Data shown
- - - -
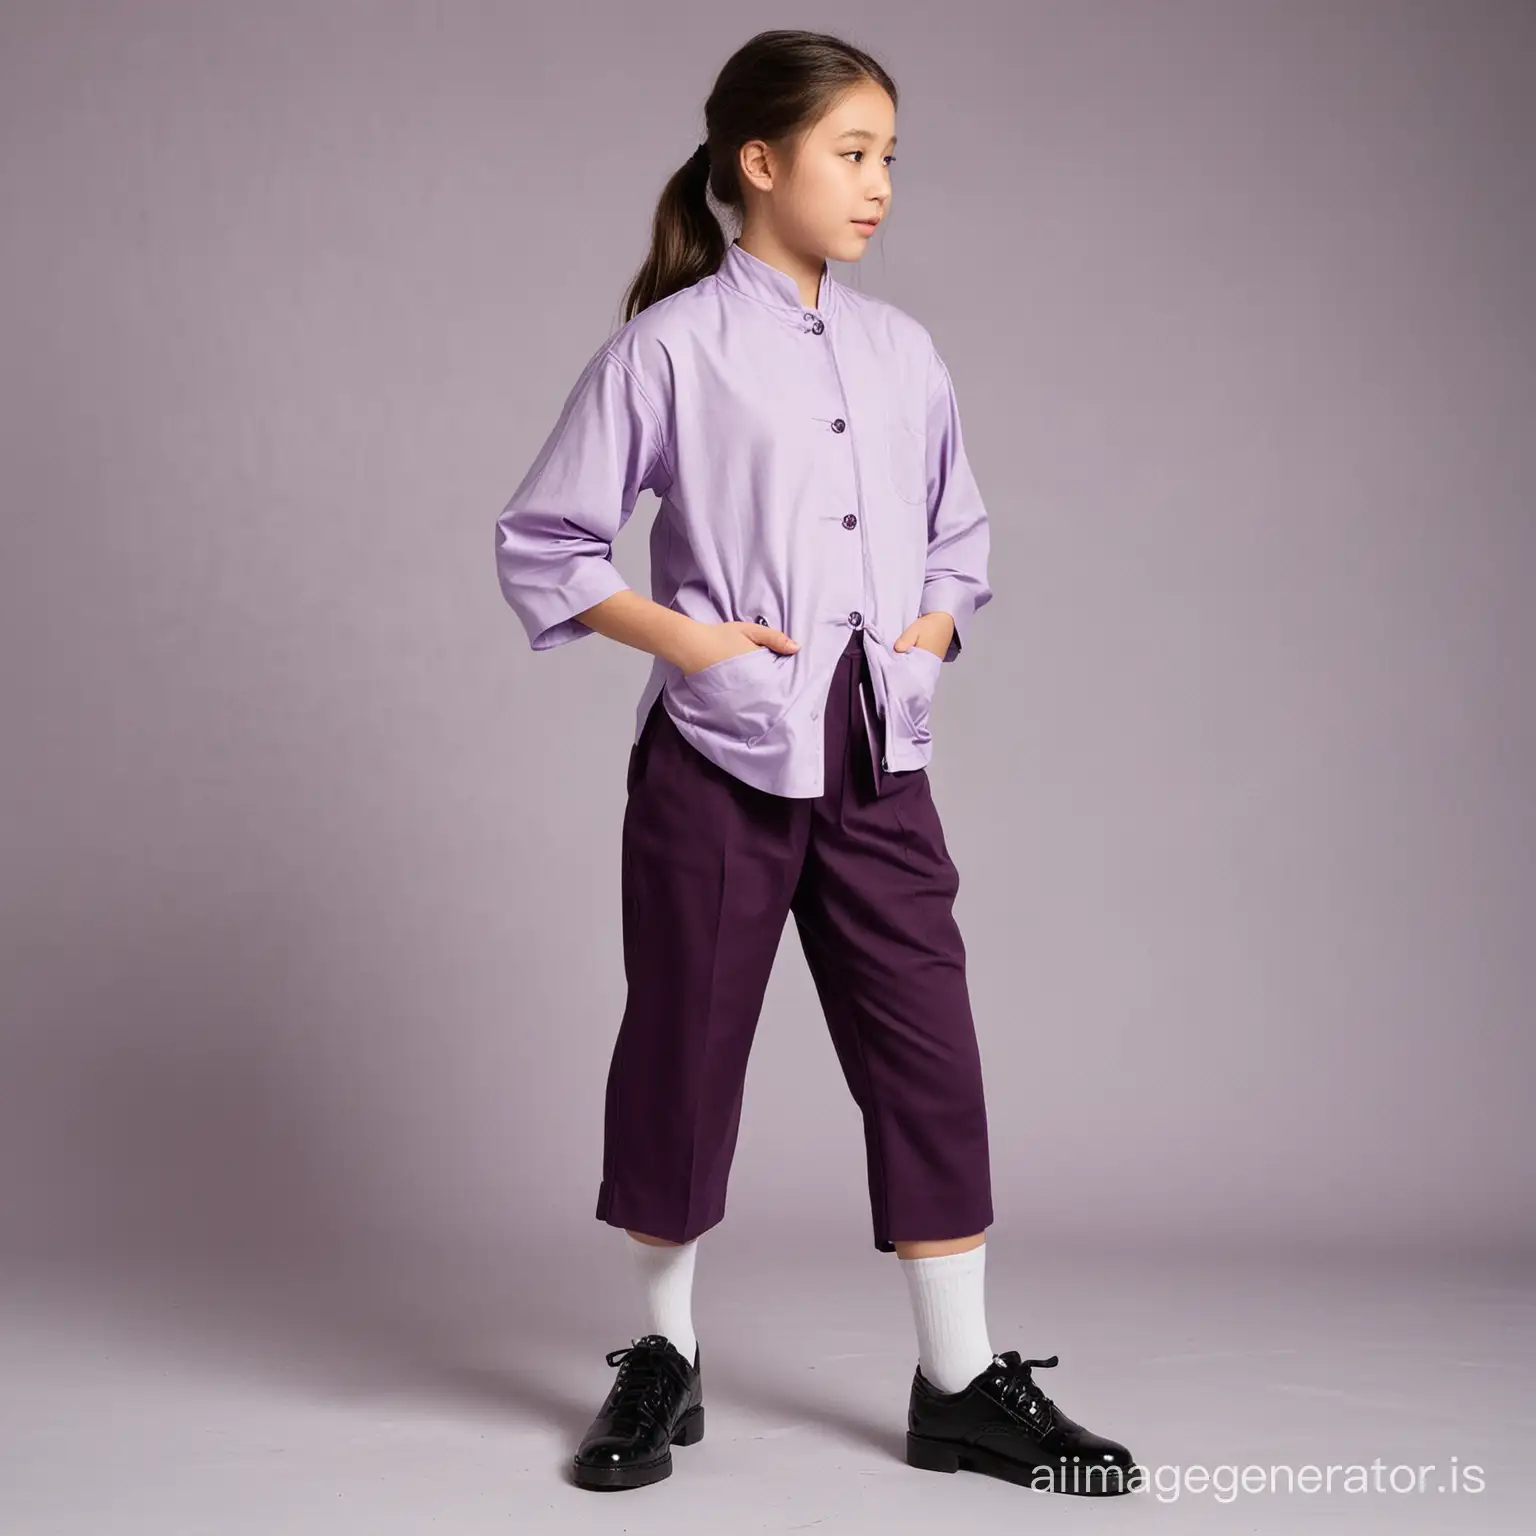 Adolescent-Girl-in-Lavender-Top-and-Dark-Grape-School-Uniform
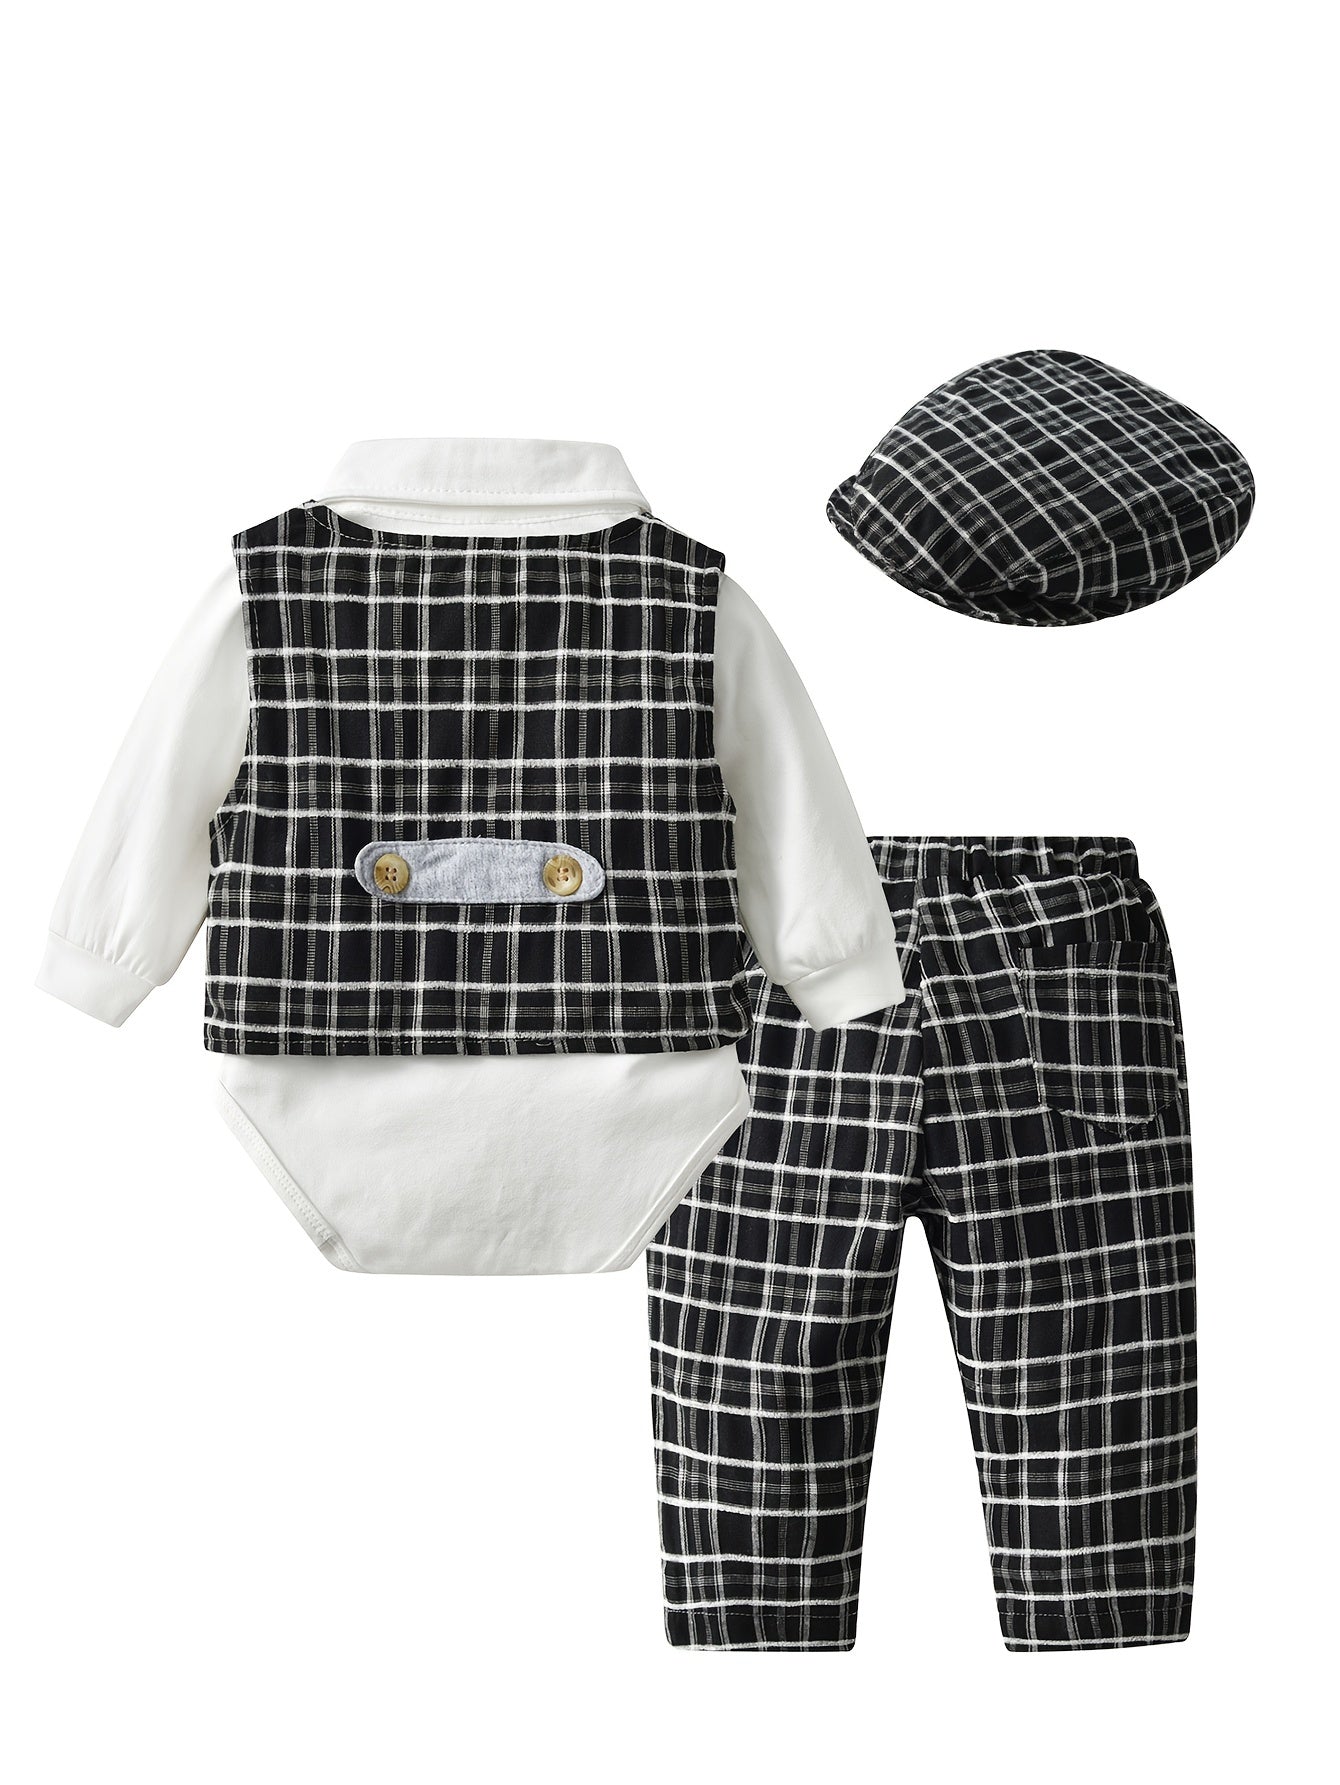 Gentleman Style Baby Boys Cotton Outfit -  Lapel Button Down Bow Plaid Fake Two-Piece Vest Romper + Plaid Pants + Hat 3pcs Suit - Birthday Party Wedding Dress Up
- - - -
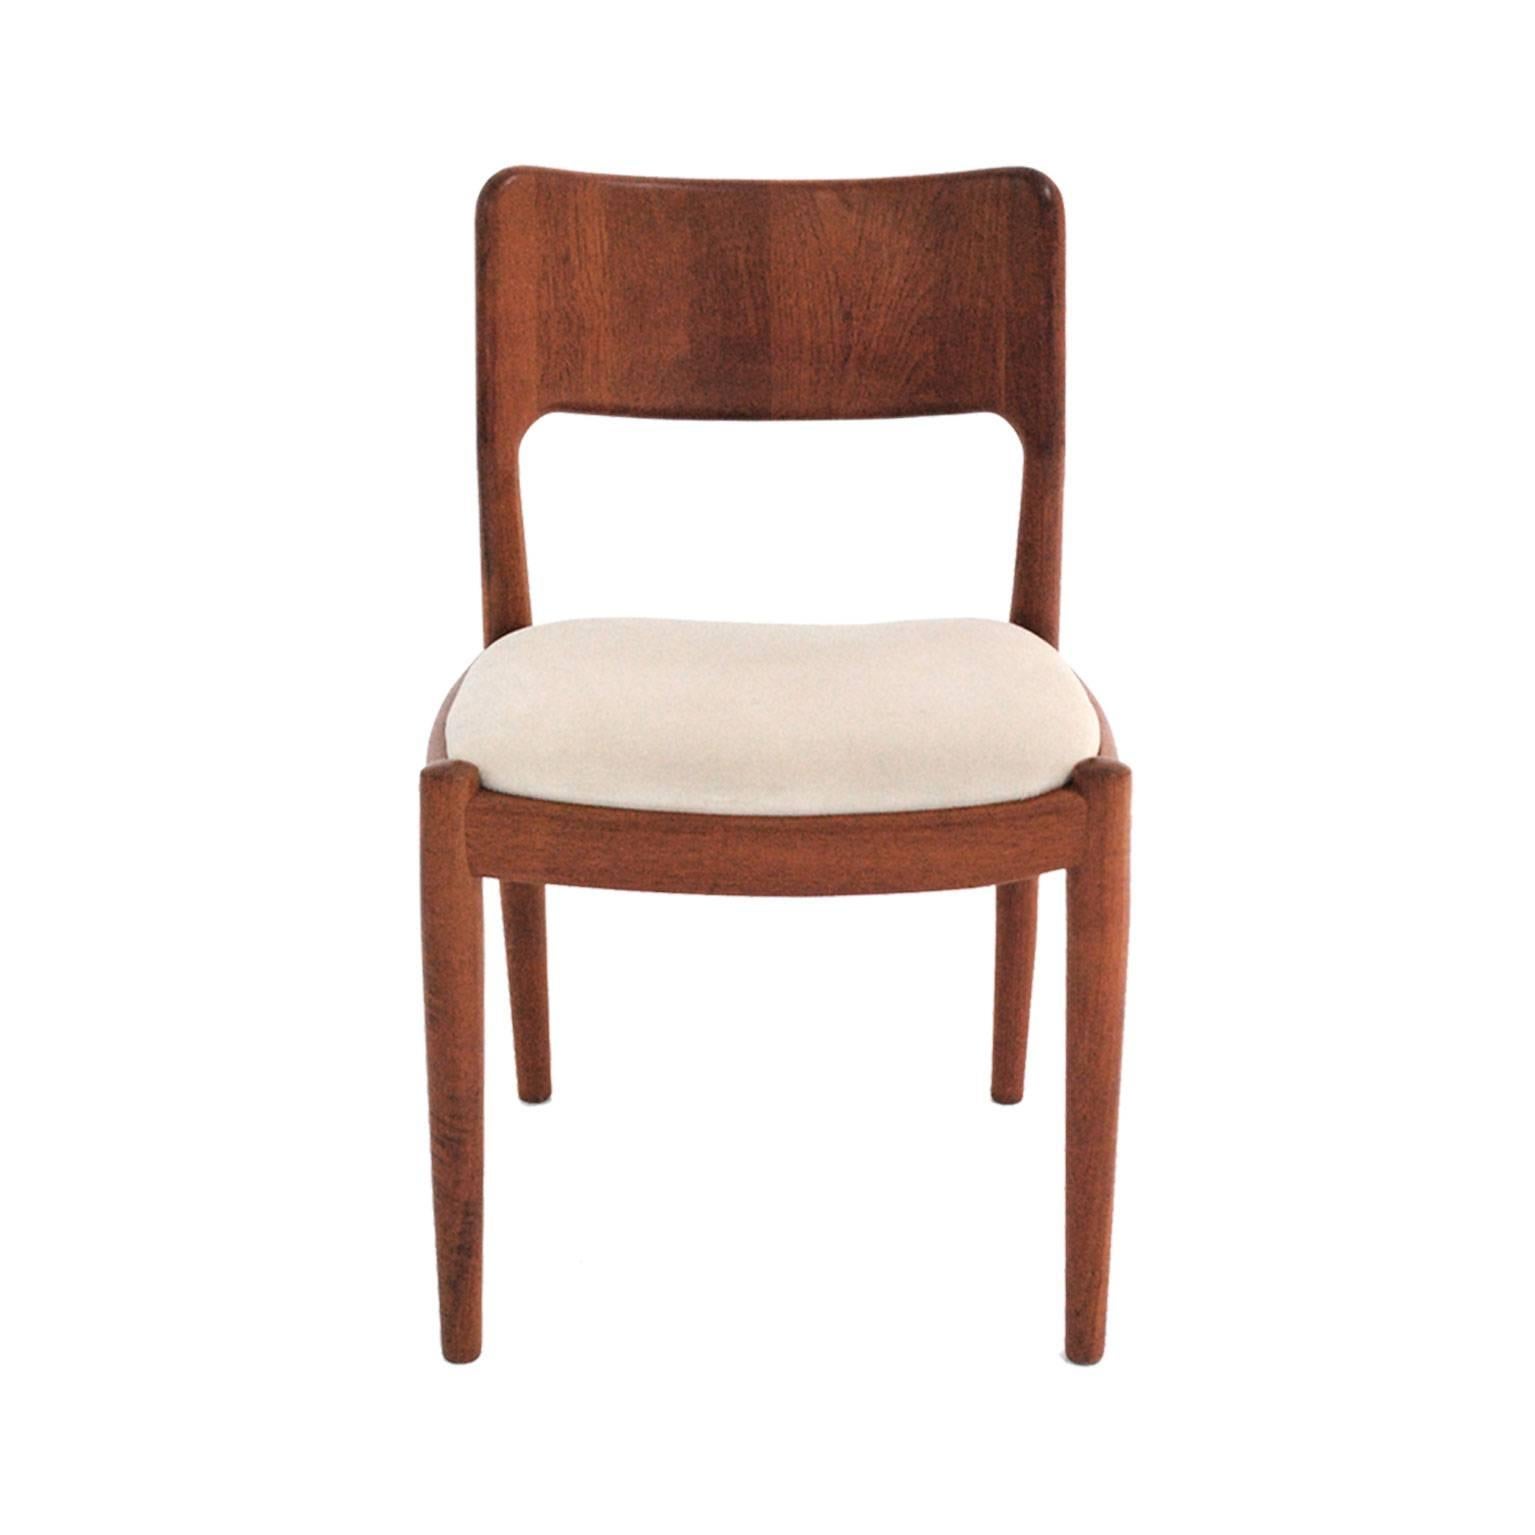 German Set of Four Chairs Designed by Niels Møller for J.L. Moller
- - - -
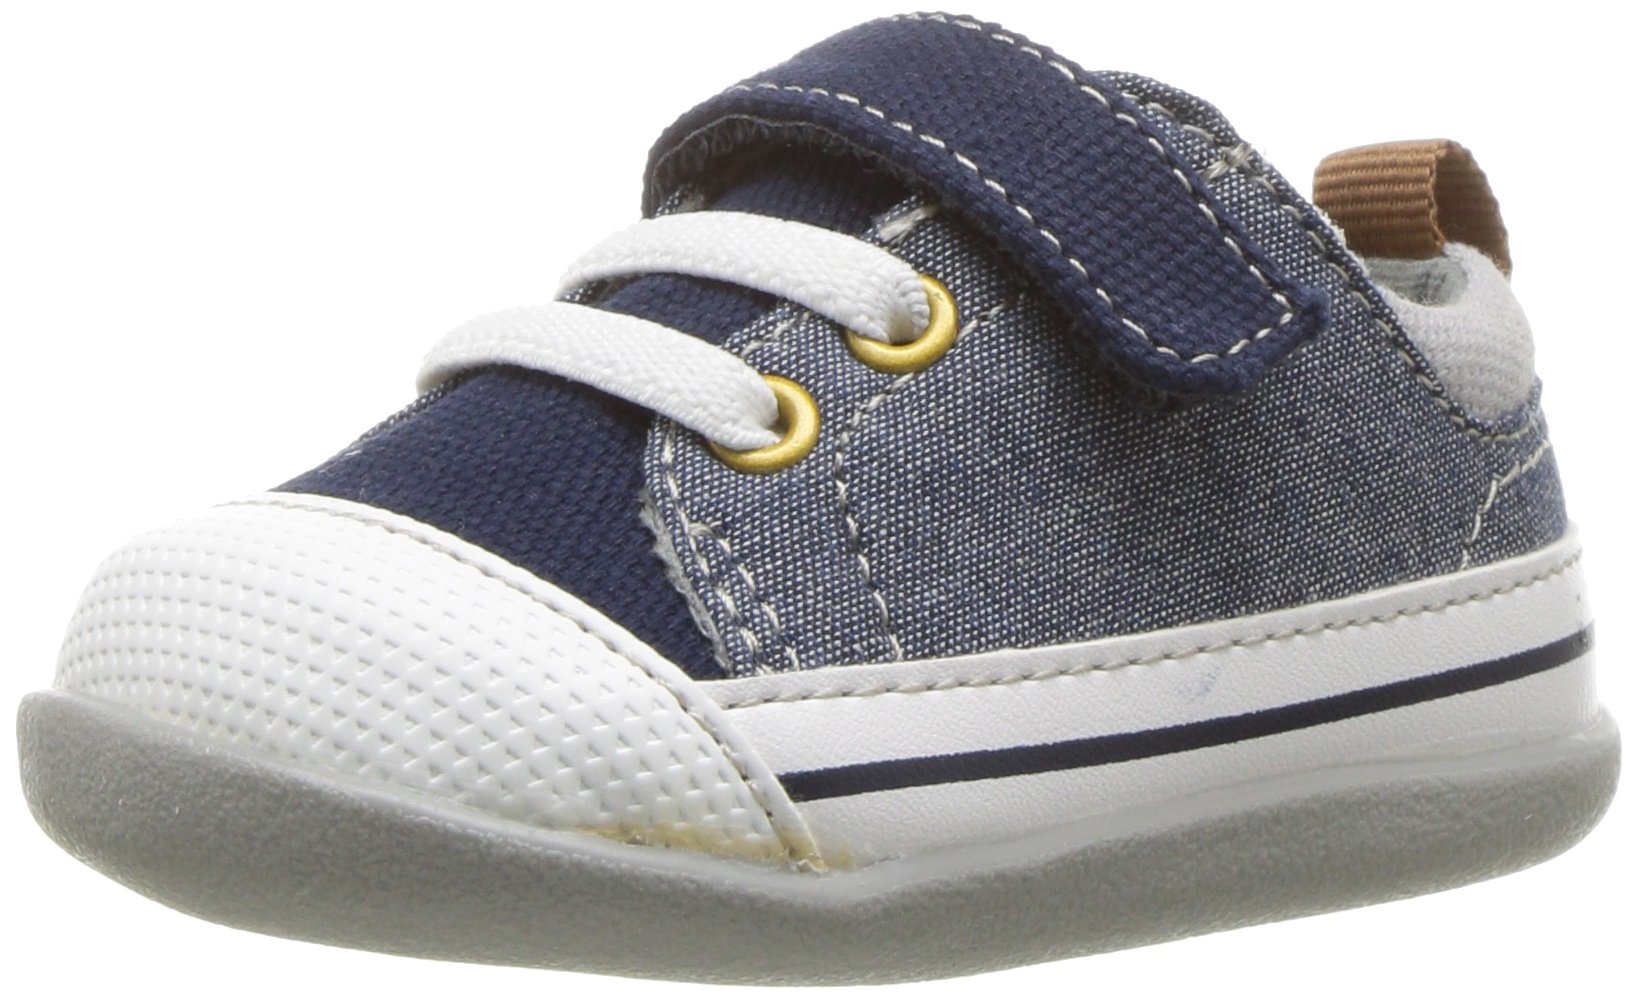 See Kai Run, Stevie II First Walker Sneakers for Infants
- - - -
Exercise directions
Nothing but the lines from the one with "Adolescent-Girl-in-Lavender-Top-and-Dark-Grape-School-Uniform" up to and including the one with "Gentleman Style Baby" should be printed, exactly as they read above. Please keep the pictures out.

Output for this exercise
 Adolescent-Girl-in-Lavender-Top-and-Dark-Grape-School-Uniform
 Gentleman Style Baby Boys Cotton Outfit -  Lapel Button Down Bow Plaid Fake Two-Piece Vest Romper + Plaid Pants + Hat 3pcs Suit - Birthday Party Wedding Dress Up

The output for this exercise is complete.